WP1: This workpackage will produce a description of the most important interfaces in a solar cell (the silver-silicon contacting interface and the silicon-silicon nitride passivating interface) at the atomic scale. These interfacial models can then be used in the project  both to understand the interfacial properties (such as the Schottky barrier height for the contacting interface – see WP3 and the importance of using a gradual interface to reduce the population of recombination centres – see WP4) and as starting configurations for other calculations (see WP3, WP4 for details).  The socio-economic impact and wider implications of this workpackage are therefore seen in its input to these workpackages, and through them in the design of better solar cells.

WP2: As electronic devices shrink, scattering at defects and interfaces plays an increasing role and an atomistic description becomes important, maybe even mandatory.  Hence, classical electronic device simulations, which are usually based on Boltzmann’s transport equation, will be replaced by simulations that take into account the one-electron Schrödinger equation (treating non-interacting electrons) with suitably parameterized weak interactions between electrons and interactions between the electrons and the lattice.

On the other hand, ab-initio (parameter-free) methods aim to solve the true many electron Schrödinger equation (treating strongly interacting electrons). But the solution of the many electron Schrödinger equation is only possible for very small systems.Our efforts contribute to the merger between classical electronic device simulation (aimed at macroscopic models containing billion of atoms) and full ab-initio simulations (aimed at few atoms). It aims to bridge this gap addressing systems and models containing typically 100.000 atoms. If we achieve our goal, we will change the methods used to simulate electronic devices. This might yield new insight in solar cells, but the methods developed here are broadly applicable to other electronic devices and nanostructures. 

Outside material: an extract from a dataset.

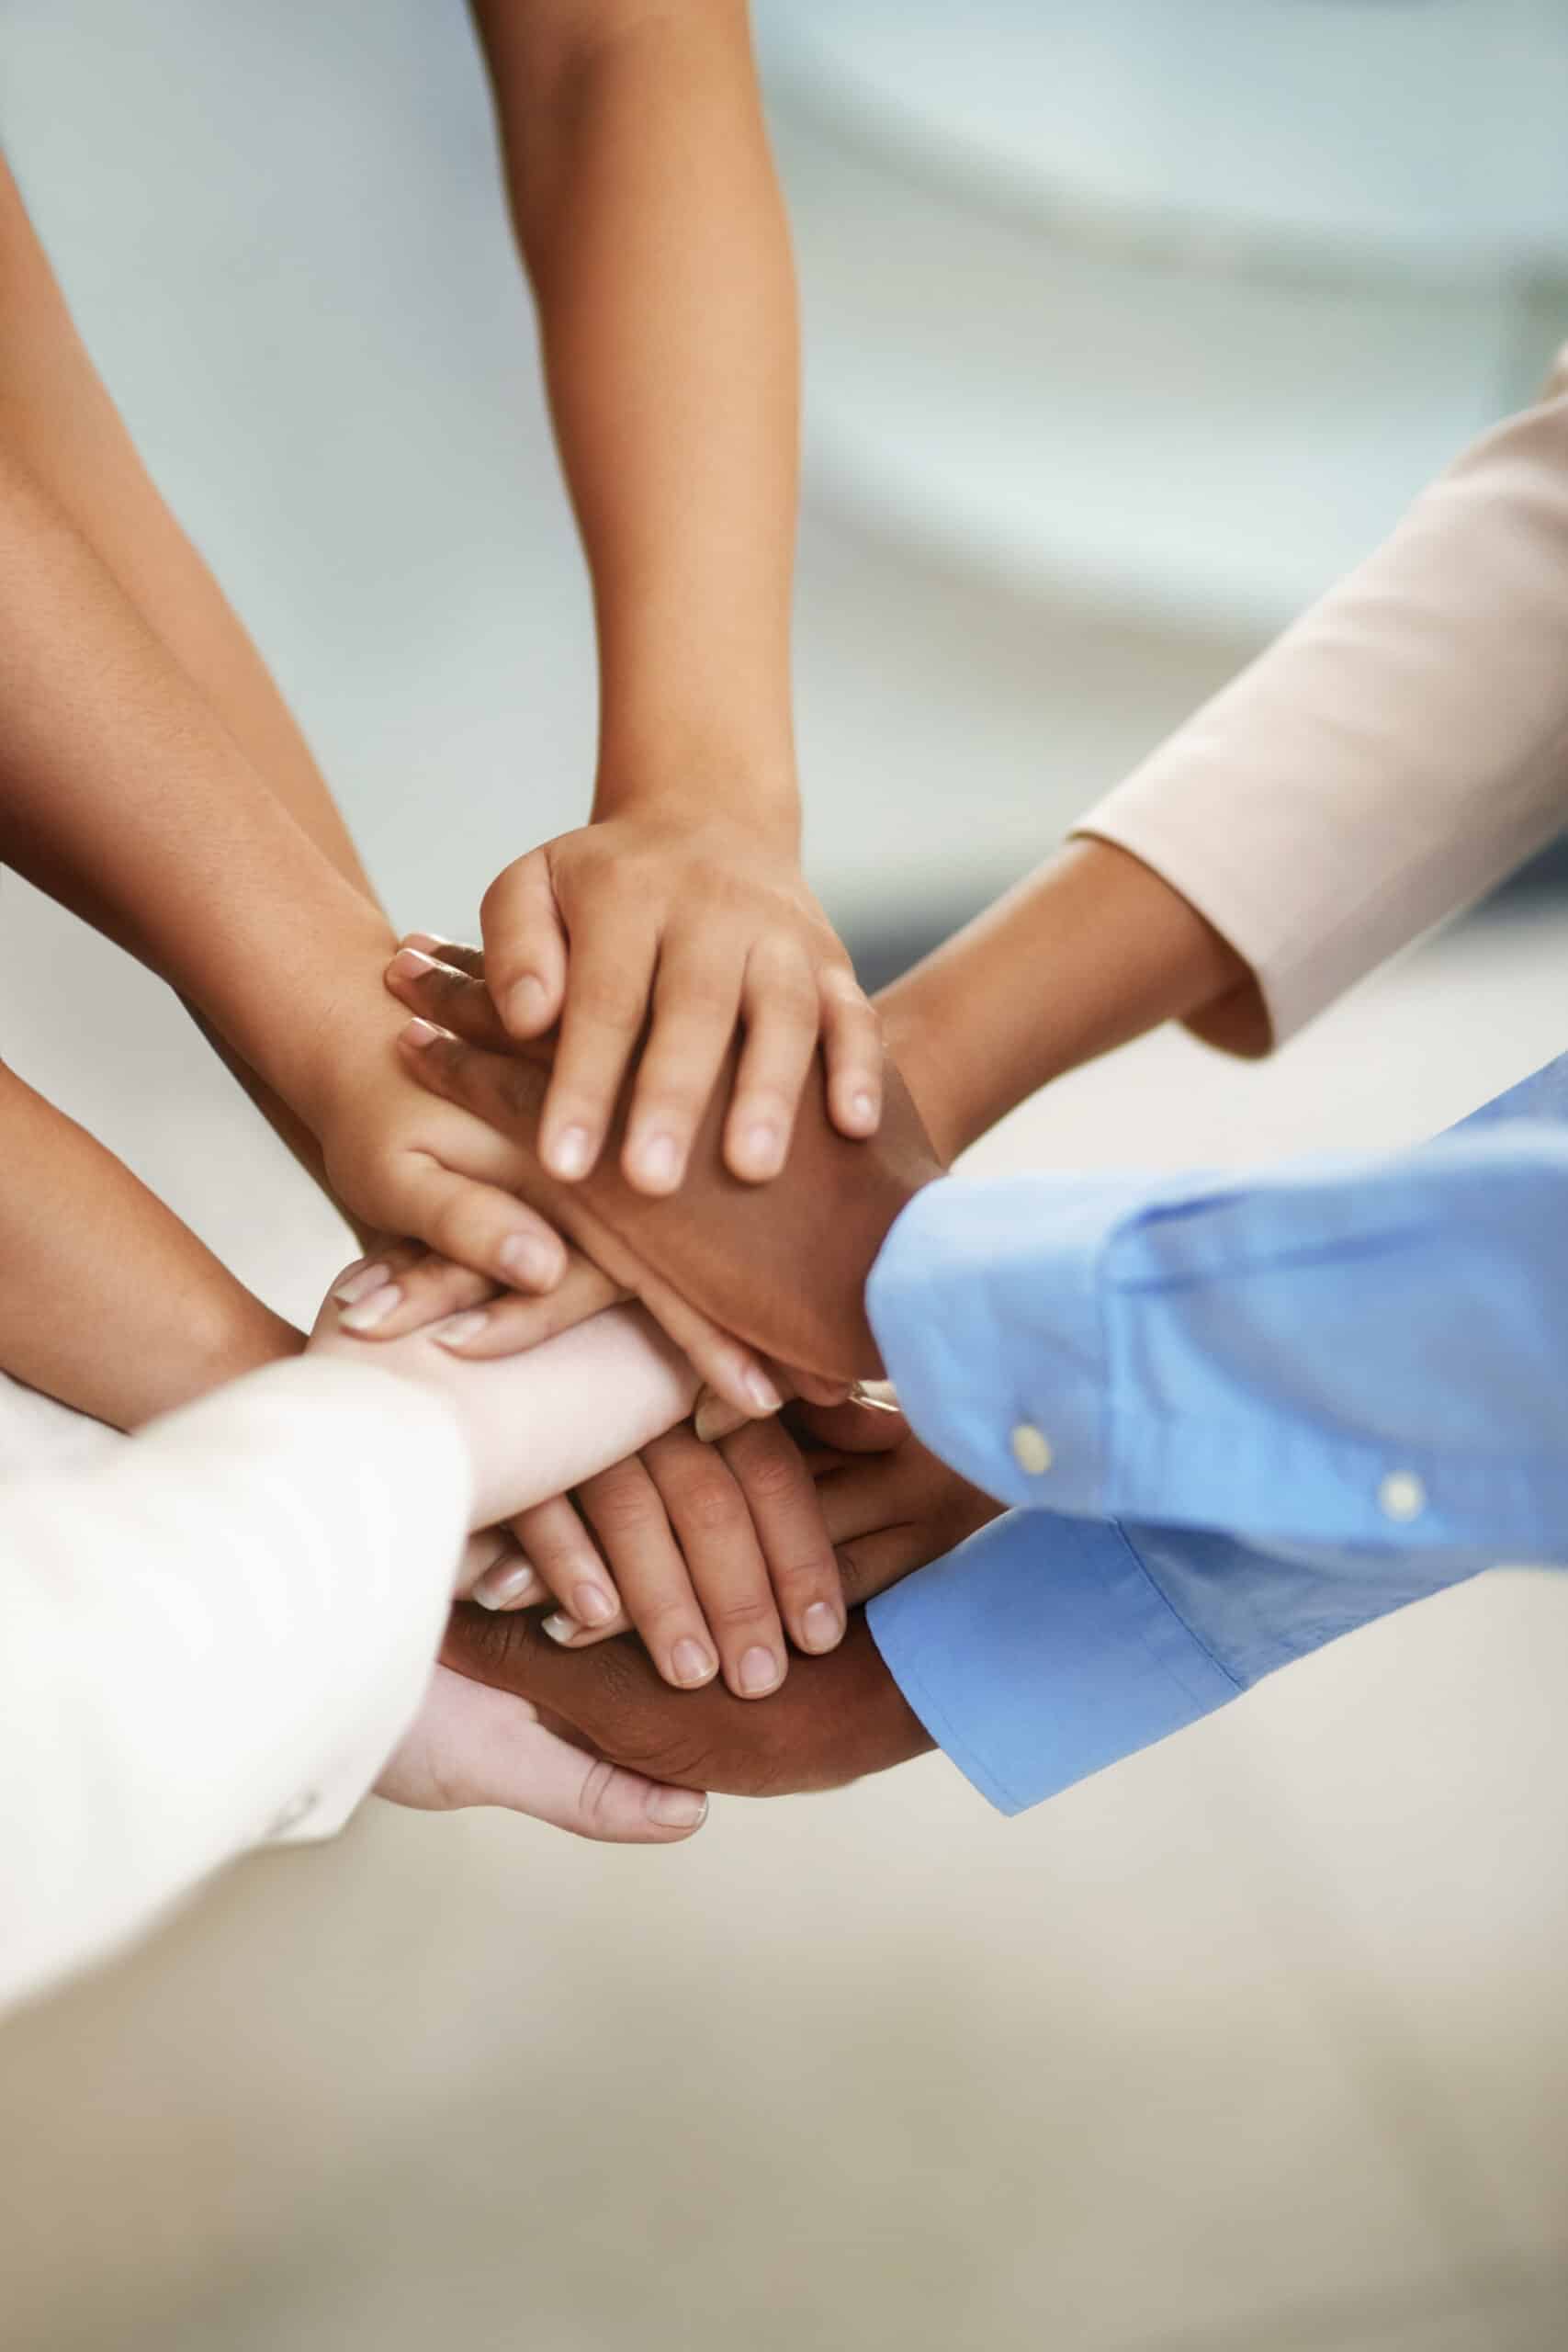 peoples hands together as a team

WP3: A multi-scale modelling framework will be created to describe diffusion processes leading to the metallisation, as well as charge transport at the metal-semiconductor interface. This requires development of a new generic methodology, which can be useful to many different fields in addition to improving contacting schemes for existing solar cells.

WP4: The aim of this workpackage is to calculate principal energy loss mechanisms of photocarriers caused by various defects at the passivation interface of Si/SiNx of Si solar cells by developing a multi-scale first-principles method. By mapping with experimental data of defect generation as a function of device fabrication, we will then be able to understand the energy loss of photocarriers, and thus optimize device performance. The method has been focused on passivation interface of Si/SiNx of Si solar cells. It is however very generic for studying various energy conversion processes in Si-based solar cells as well as other semiconductor solar cells such as quantum dot based ones where multiple exciton generation is expected to enhance significantly the solar energy conversion efficiency.

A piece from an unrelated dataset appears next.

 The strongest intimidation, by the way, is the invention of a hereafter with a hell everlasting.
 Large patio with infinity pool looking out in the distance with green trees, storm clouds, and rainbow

WP5: The new fundamental insight into the metallisation process gained by modelling will lead to the formulation of improved metal pastes. Since the use of large amounts of expensive silver in the rapidly growing solar cell industry is problematic, new materials for the metallic part will be introduced.

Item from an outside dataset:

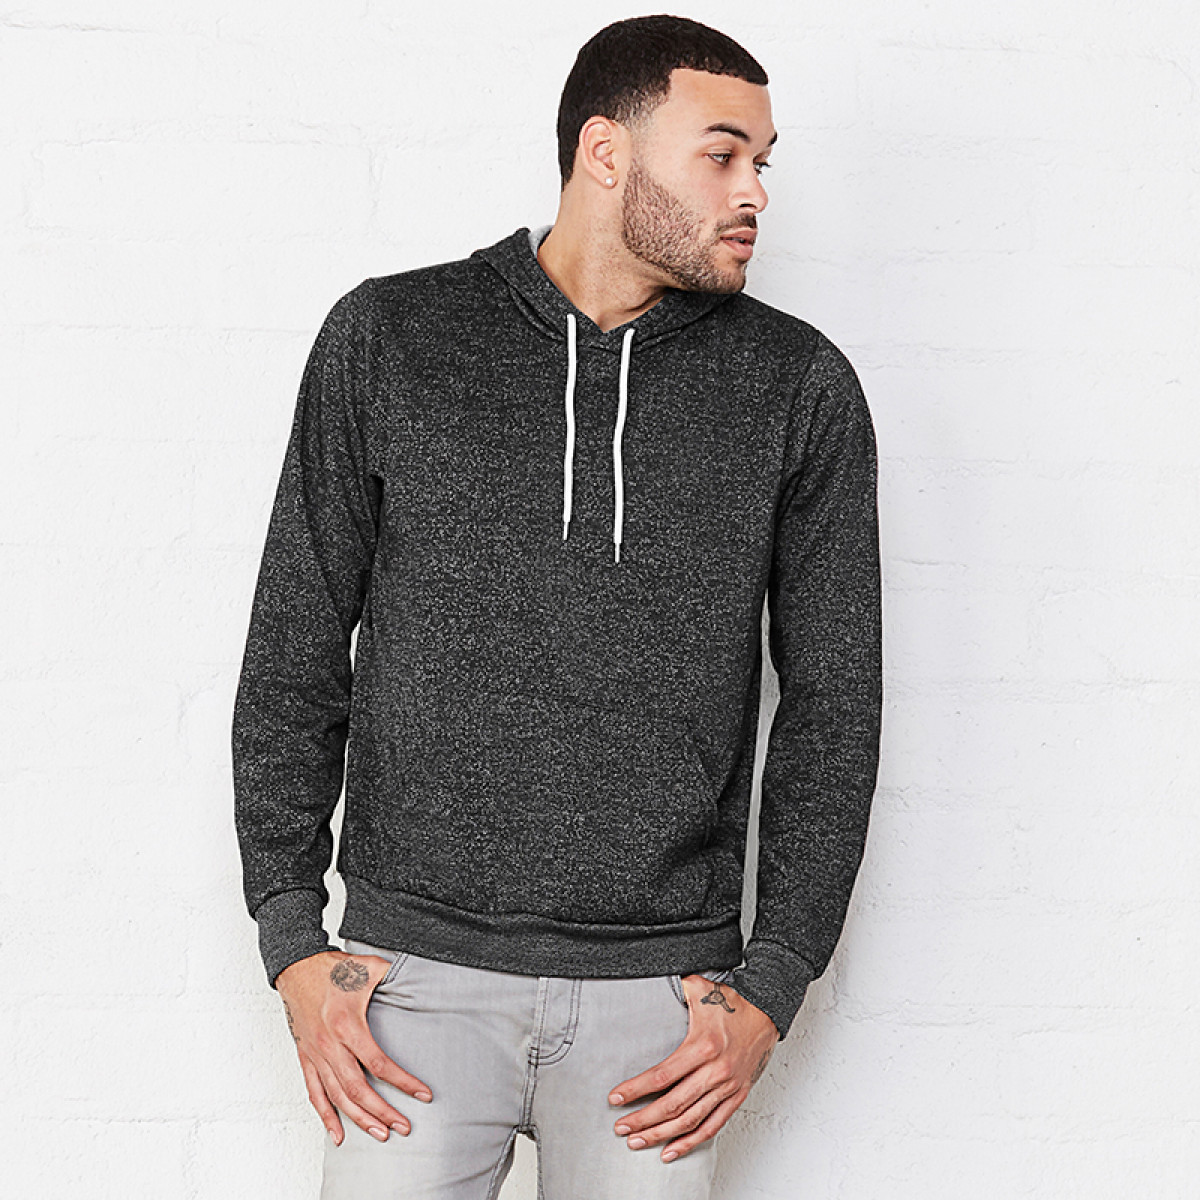 Unisex Polycotton Hoodie with white string cord

Furthermore, it will be possible to test material systems for contact formation in a modelling environment instead of having to go through very expensive trial-and-error experimental research. This will not only strengthen Europe’s knowledge position in the field of multi-scale modelling but also improve the competitiveness of the European PV industry and generate knowledge to ensure its transformation from a resource-intensive to a knowledge-intensive base.

WP6: We will obtain new fundamental insight into recombination processes at interfaces in solar cells and related semiconductor materials which will enable improved passivation schemes in industrial production.